#### [What you are asked to do]
Print only the lines below, from the very first to the one containing "Vernon Jordan, US", exactly as they stand. Do not print pictures.

━━━ Information shown ━━━

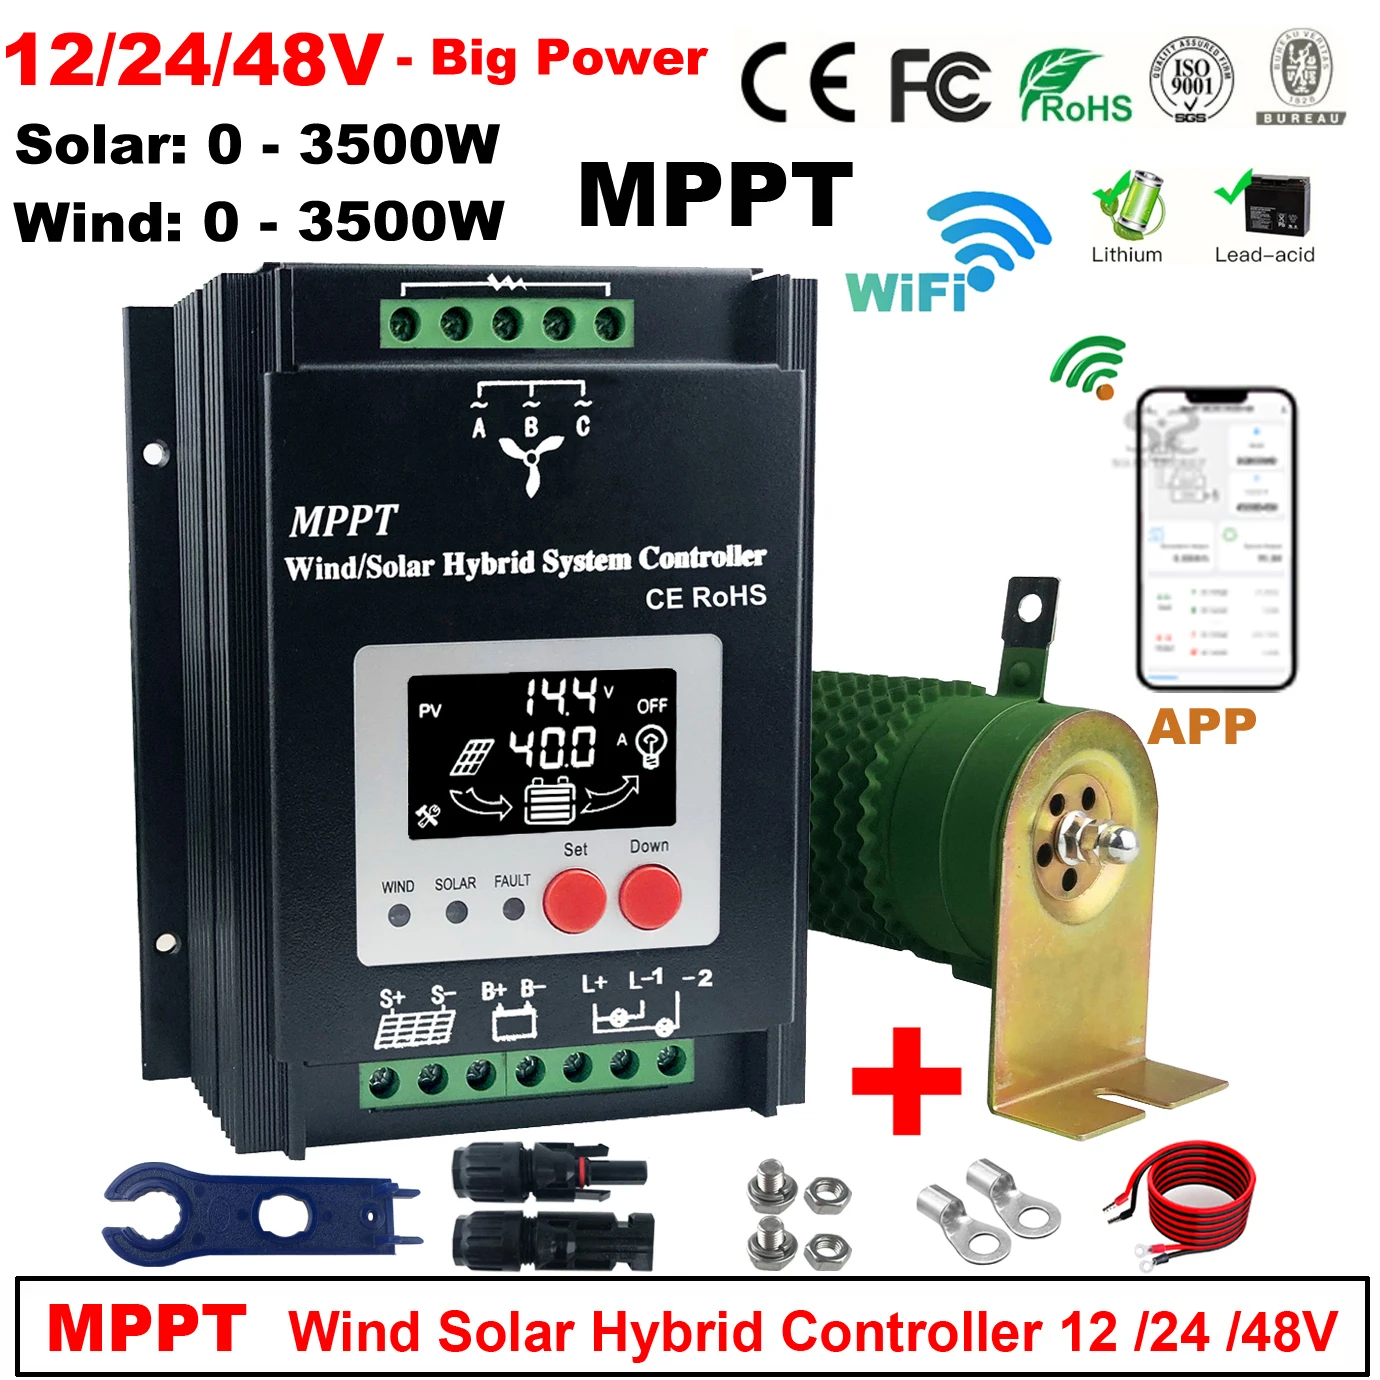 

3000W 5000w MPPT Wind Solar Hybrid Charge Controller 12v 24v 48V LCD Display Wifi Monitor For Lifepo4 Lithium Lead Acid Battery
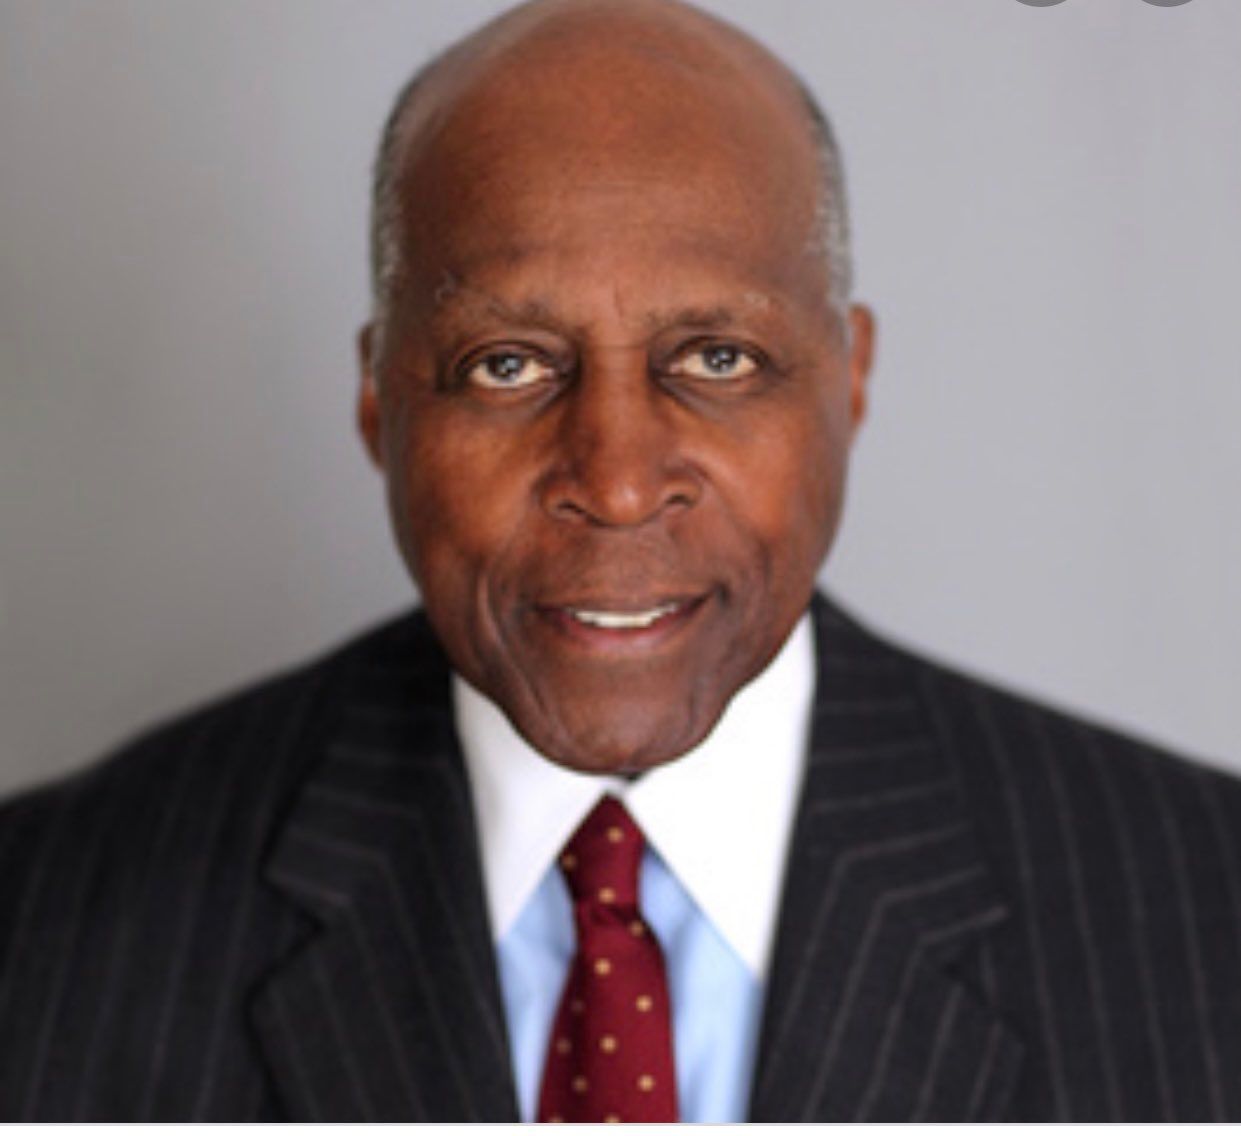 Vernon Jordan, US civil rights lawyer and former advisor to Bill Clinton, dies at 85
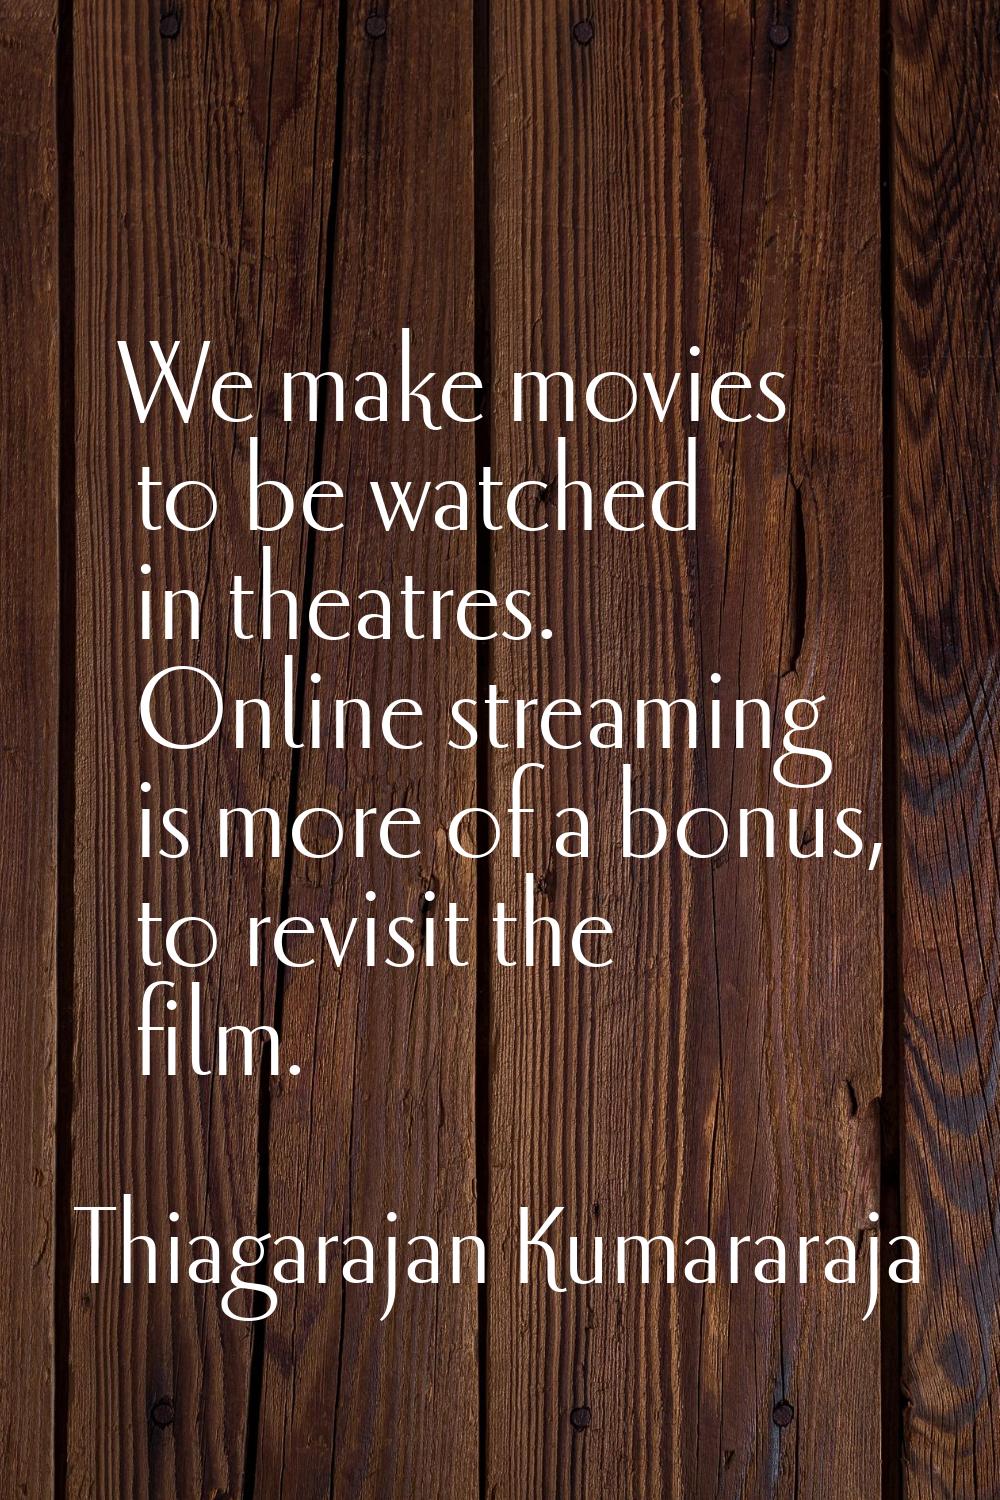 We make movies to be watched in theatres. Online streaming is more of a bonus, to revisit the film.

━━━

#### [Your solution]
3000W 5000w MPPT Wind Solar Hybrid Charge Controller 12v 24v 48V LCD Display Wifi Monitor For Lifepo4 Lithium Lead Acid Battery
 Vernon Jordan, US civil rights lawyer and former advisor to Bill Clinton, dies at 85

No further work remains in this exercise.